How to do BCNF decompostion?

A relation R(A,B.C,D)

and functional dependency

AB-> C

C-AD

H ow to decompose into BCNF ?

4Comments
GAURAV PARASHAR @parashar25
15 Sep 2017 04:31 pm

1)Assuming no attribute has multiple values, the relation is in 1NF.

2) here the candidate key is AB (as B is not in the right side in any FD, and B comes with A from FD-1. So, candidate key is AB. D is derived transitively from C). Since C is fully functional dependent on AB , and D is transitively dependent on C. So this is in 2NF.

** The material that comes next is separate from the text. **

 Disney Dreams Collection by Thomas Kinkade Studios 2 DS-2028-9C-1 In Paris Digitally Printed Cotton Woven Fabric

3) since, we can derive D and A from C , which is not a candidate key, this is not in 3NF.

To make it in 3NF, we make 2 relations R¹(A,B,C) having FDs {AB->C} and R² (C,D) having FDs { C->D}. Now, it is in 3NF.

4) Now, BCNF says that , right side of all FD should be a super key.For R¹ AB is the candidate key and hence, it is also a super key. C is dependent on AB. So R¹ is in BCNF.

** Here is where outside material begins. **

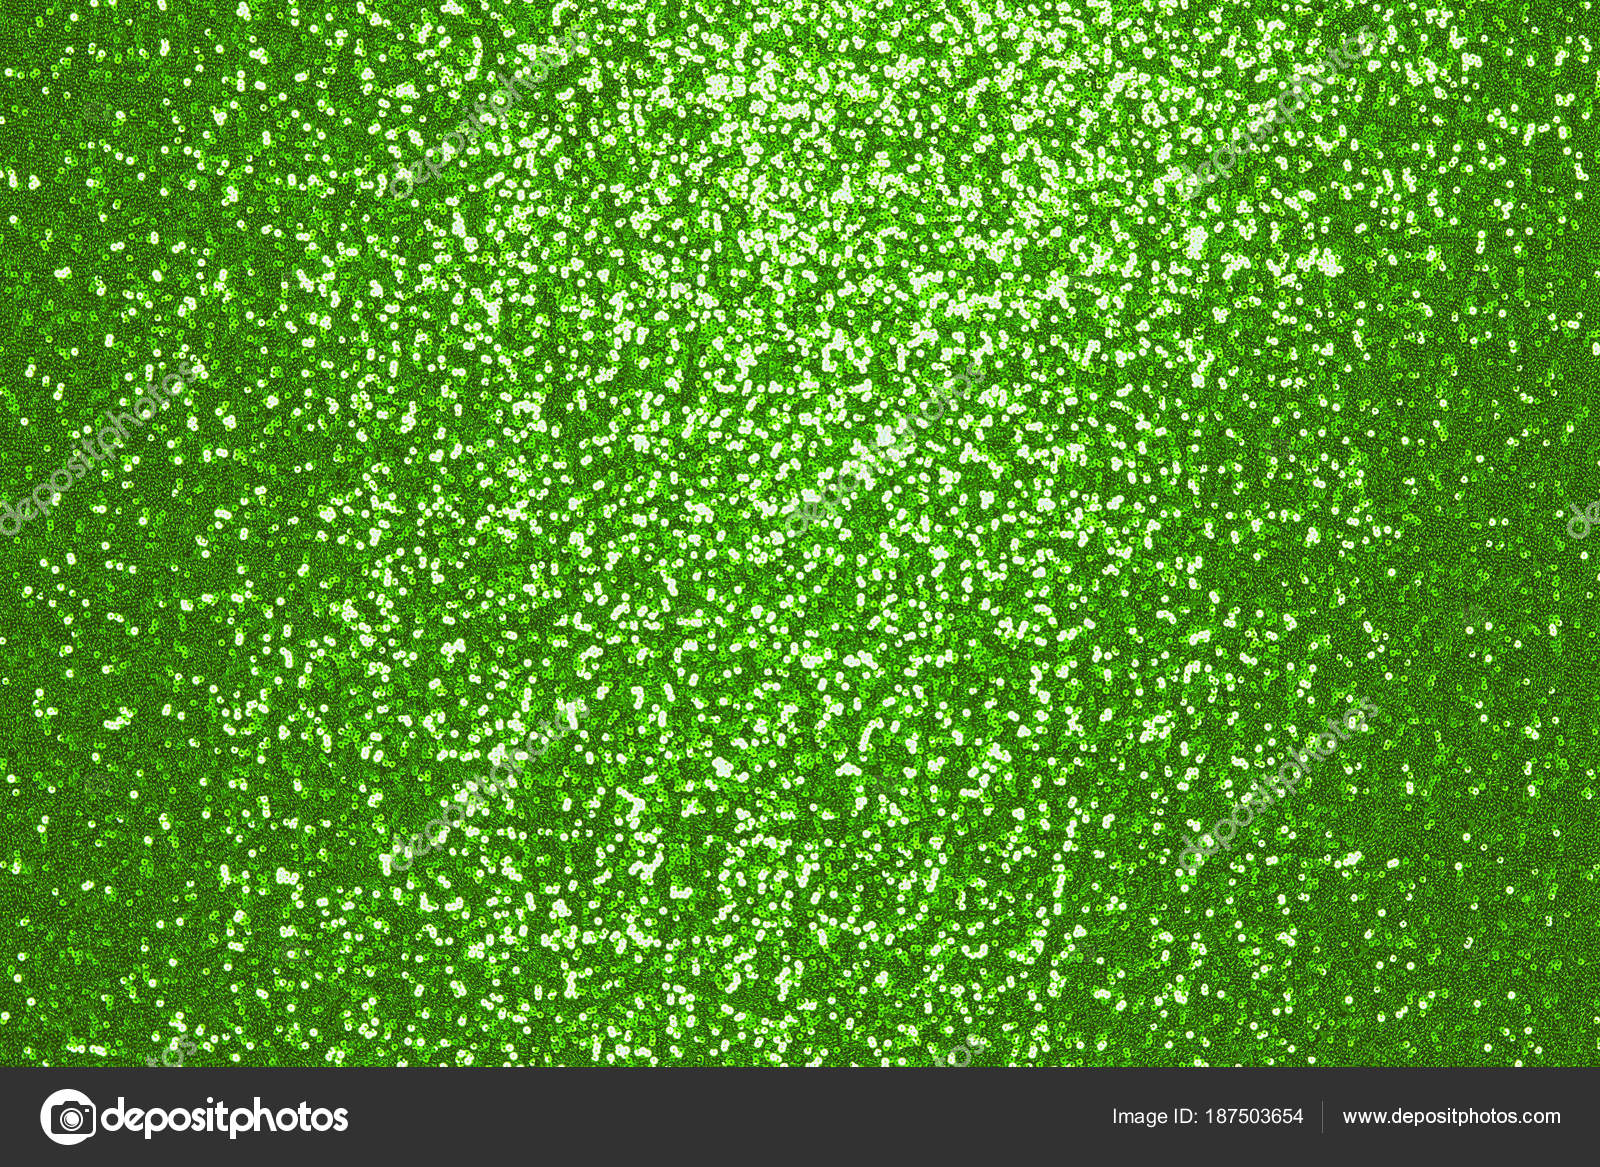 Sparkling green sequin textile background Stock Photo by

For R²,  C->D, i.e., D is dependent on C, so C is made a foreign key in R², so this relation is also in BCNF.

 

Hence, breaking R in R¹ (A,B,C) and R²(C,D) makes both the relations in BCNF.

 

kanika arora @kanikaarora
15 Sep 2017 11:30 pm

we eliminated A from relation R2 because it is in first relation is this the only reason ?

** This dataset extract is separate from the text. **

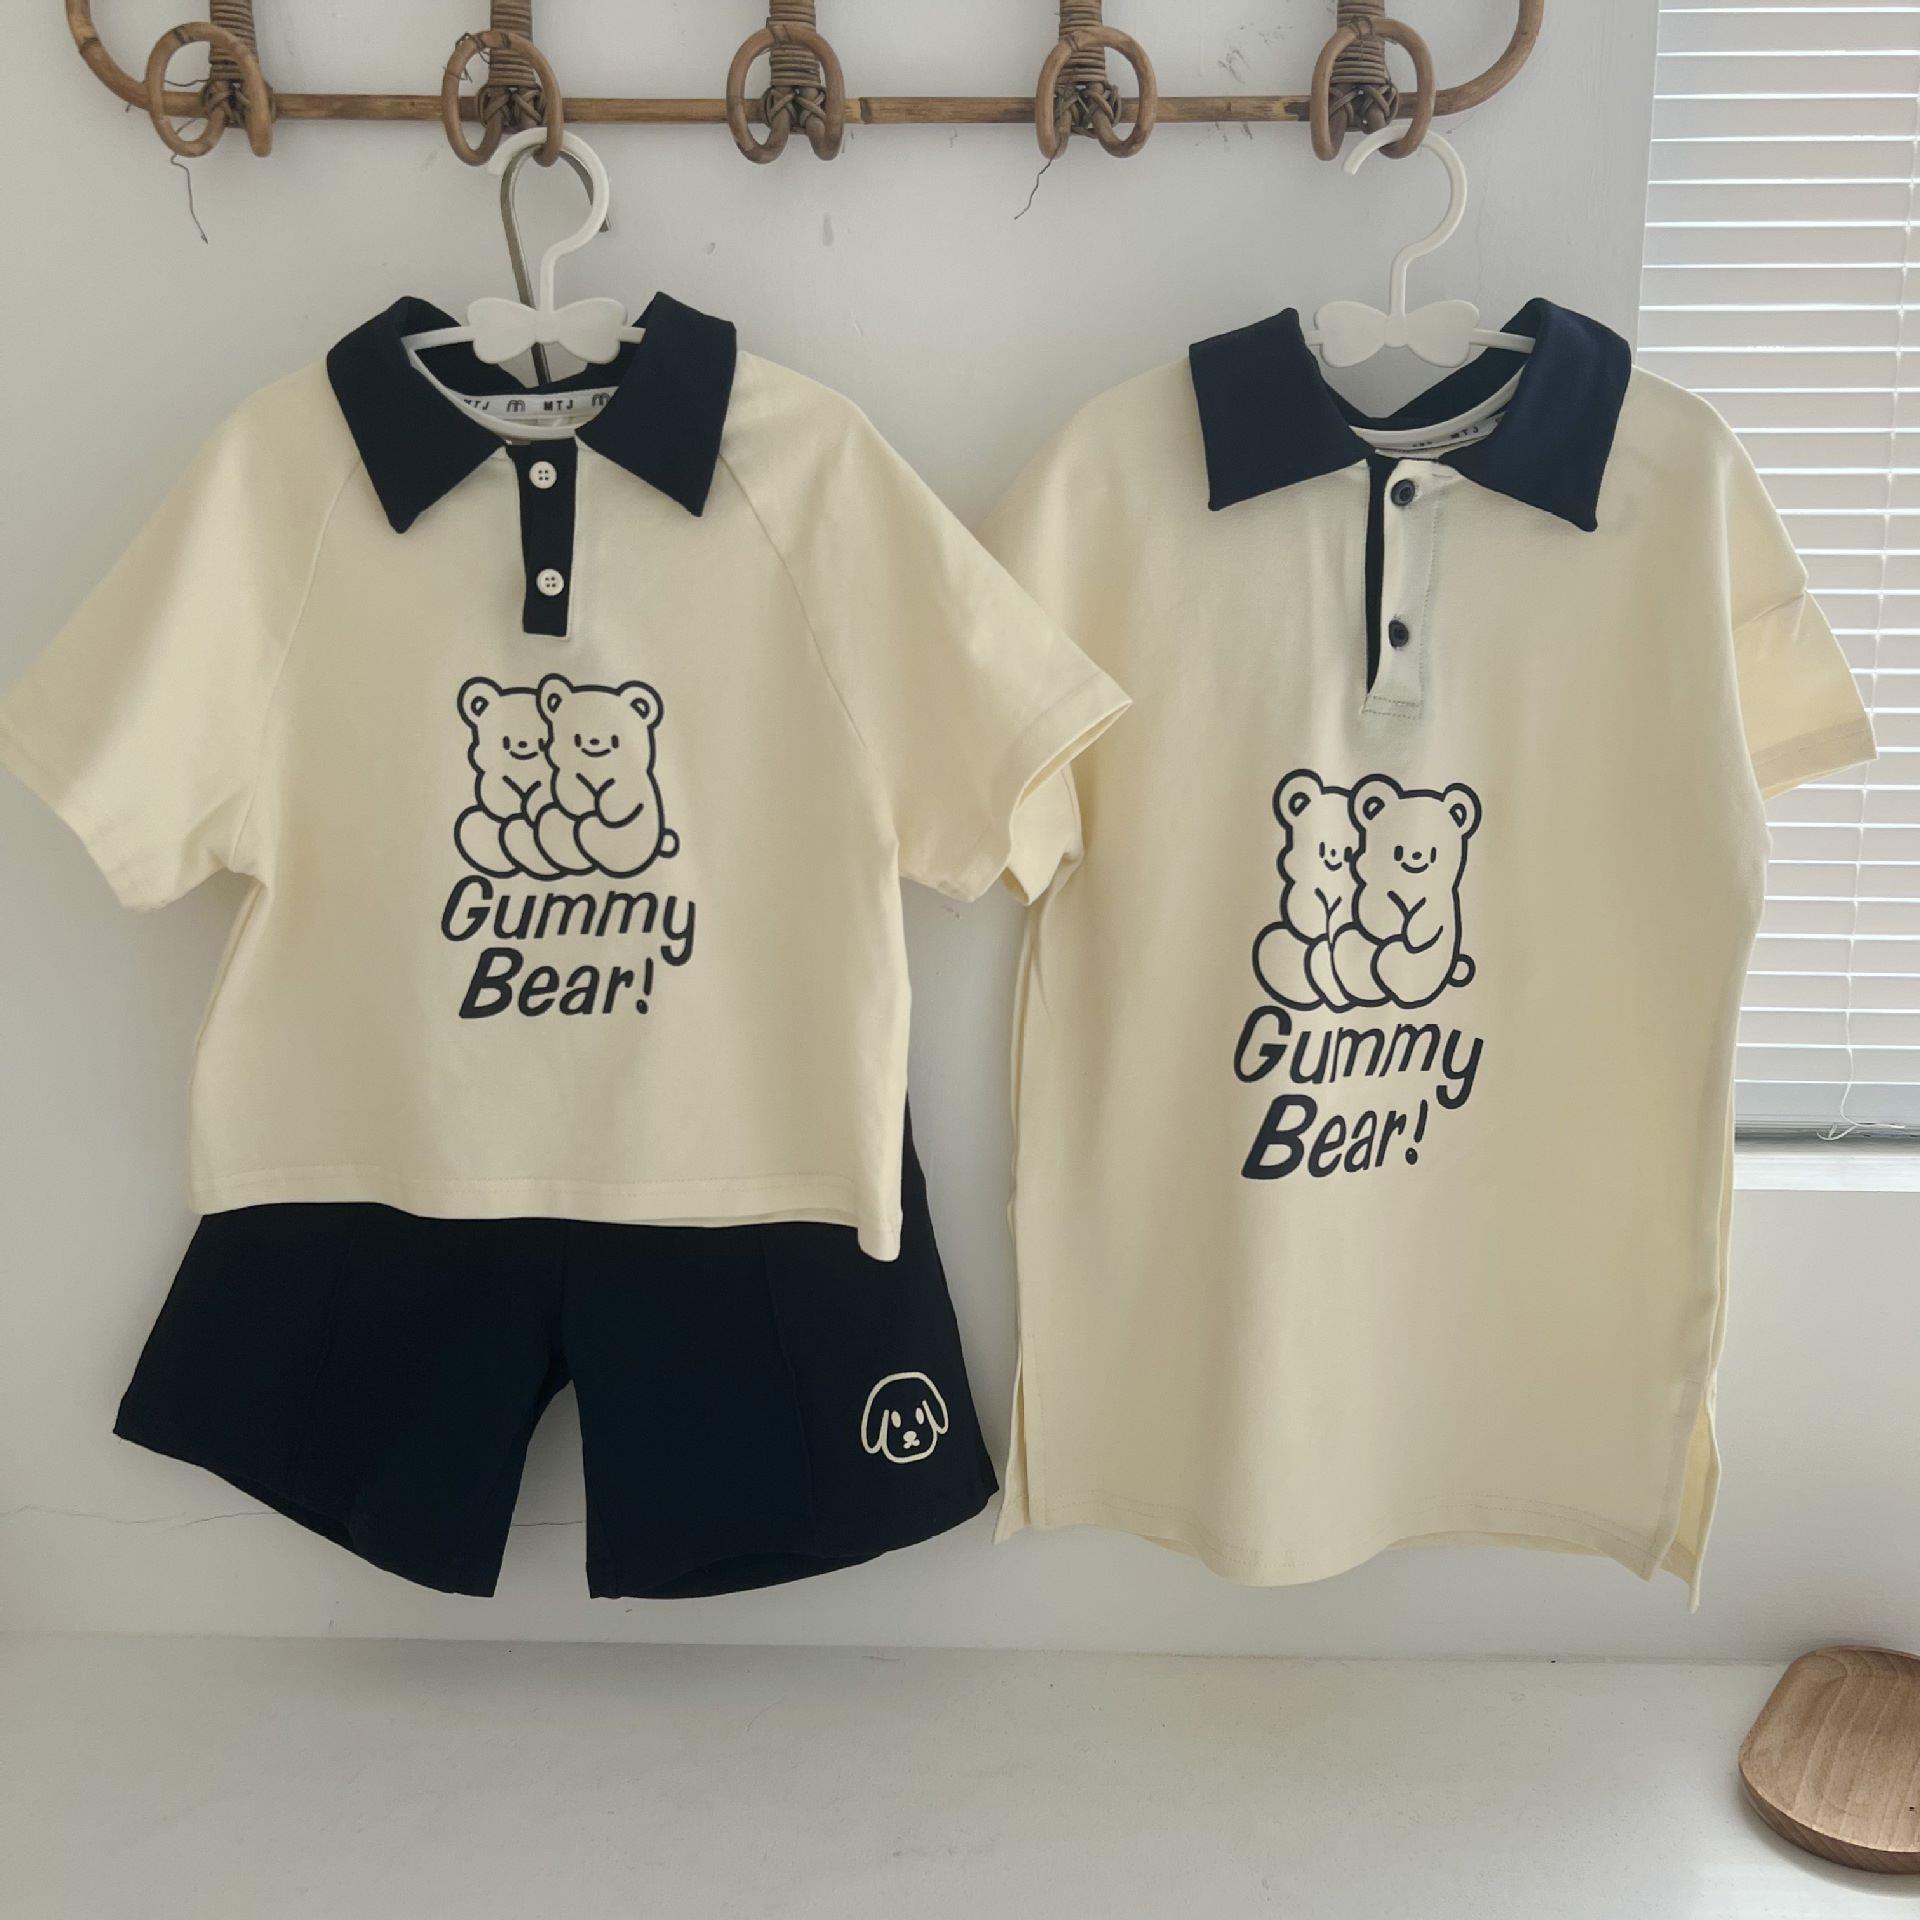 Summer children's clothing children's suit summer 23 new Korean version of brother and sister clothing men and women casual shorts sweater skirt suit

GAURAV PARASHAR @parashar25
16 Sep 2017 12:44 am

Yes. Since AB is the candidate key, A belongs to prime attribute. So any non-prime attribute functionally detrimining a prime attribute makes no sense. So we can eliminate that..also if you look closely, the dependencies are preserved.

kanika arora @kanikaarora
16 Sep 2017 11:41 pm

thankyou for the answer